Our data based on paired analysis at the individual patient level clearly show that there is evidence for differences in IFNß responsiveness between patients with MS. The inter-individual differences in IFNß responsiveness may be the result of genetic variation in the IFNß biology.
Feng and colleagues 
showed that IFN-induced levels of mRNA and protein for IFN-regulatory genes (IRF-1
) and antiviral genes (MxA
and 2′, 5′-OAS
) were significantly lower in PBMC from patients with clinically active MS compared to normal controls. They demonstrated that clinical disease activity was related to decreased phosphorylation of Ser-STAT-1 and proposed that this could be a mechanism explaining a defective IFN response. Whereas these studies provided insight into the IFN responsiveness in terms of a group average the issue of inter-individual heterogeneity was not addressed. Other mechanisms that could account for differential responsiveness to IFNß include variation in activity of inhibitory transcription factors. Evidence exists that crosstalk with other cytokine-activated pathways, could cause tachyphylaxis to type I IFNs. Although type I IFNs have an essential function in mediating innate immune responses against viruses, they may already be produced at very low levels in the absence of viral infections 
in serum of a subset of MS patients. Since e.g. IFNα is known to desensitize further responses to IFNs, the presence of low endogenous IFNs could block IFNß-induced signals.
This explorative pilot study suggests a predictive value of baseline gene expression levels of IFN-induced genes. Since the molecular differences most likely reflect distinct pathophysiologic processes underlying disease, it is tempting to speculate that these differences will predict individual responsiveness to treatment. Clinical response to IFNß may be determined by disability progression and relapse rate. Because MS is a chronic disease with an unpredictable clinical course it remains difficult to assess clinical responder status at an individual patient level. A more objective method for determining disease activity is the measurement of MRI parameters, e.g. CNS atrophy measures or T1 gadolinium enhancing or the appearance of new T2 lesions.
However, using these methods it is still extremely difficult to precisely define the state of responsiveness after a short period of treatment or preferably before start of the treatment. These facts emphasize the importance of finding pharmacological predictors and/or determinants for treatment responsiveness. We realize that the design of this study does not allow any firm conclusions to be drawn concerning the clinical parameters associated with the molecular phenotype.

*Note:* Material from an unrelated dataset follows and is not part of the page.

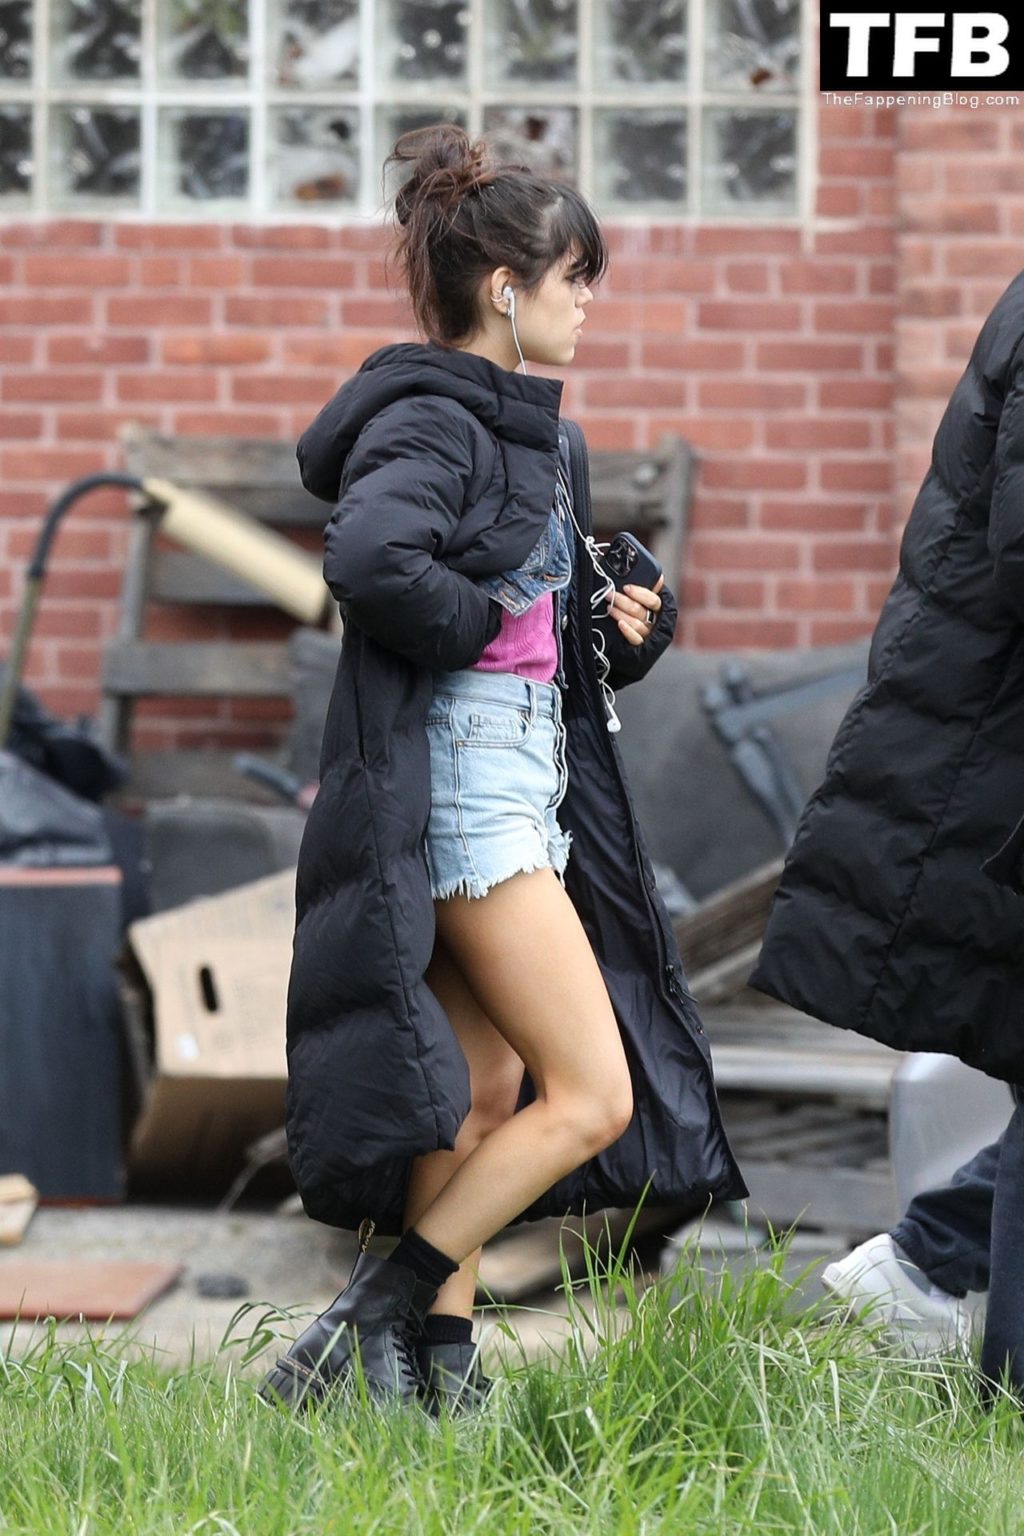 Jenna Ortega Sexy The Fappening Blog 14 1024x1536 - Leggy Jenna Ortega is Spotted in Short Shorts on the Set of “Finest Kind” (24 Photos)
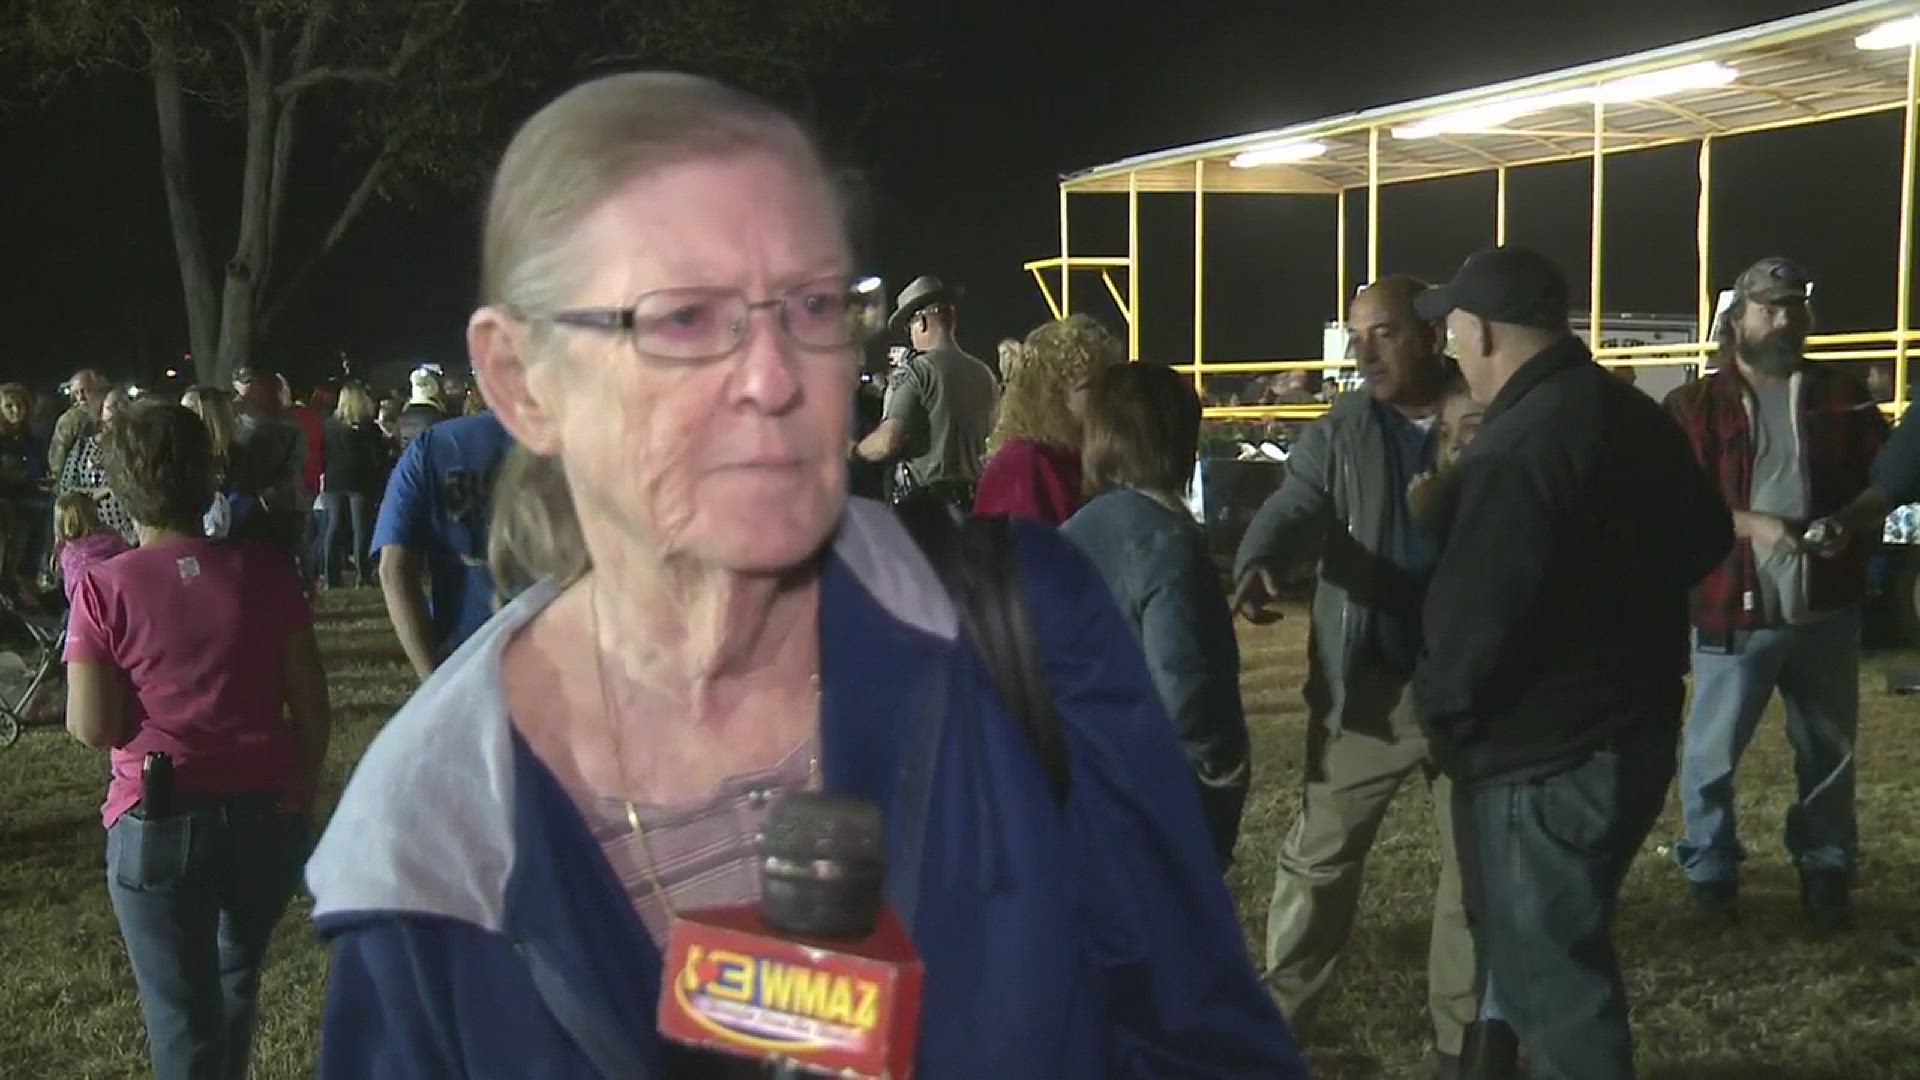 Patricia Sondron, the mother of fallen Peach Co. deputy Sgt. Patrick Sondron talks about her son after a candlelight vigil Tuesday. Sgt. Sondron and Deputy Daryl Smallwood were both shot and killed Sunday responding to a call in Byron.

Hence, further studies in a large cohort of patients starting IFNß treatment are needed to validate and further investigate the predictive value of baseline IFN response gene expression levels and it is of great importance to find a correlation between clinical parameters and the biological IFN response. In future, molecular stratification of patients at baseline may be helpful in assembling homogeneous populations of patients, which will improve the likelihood of observing drug efficacy in clinical trials.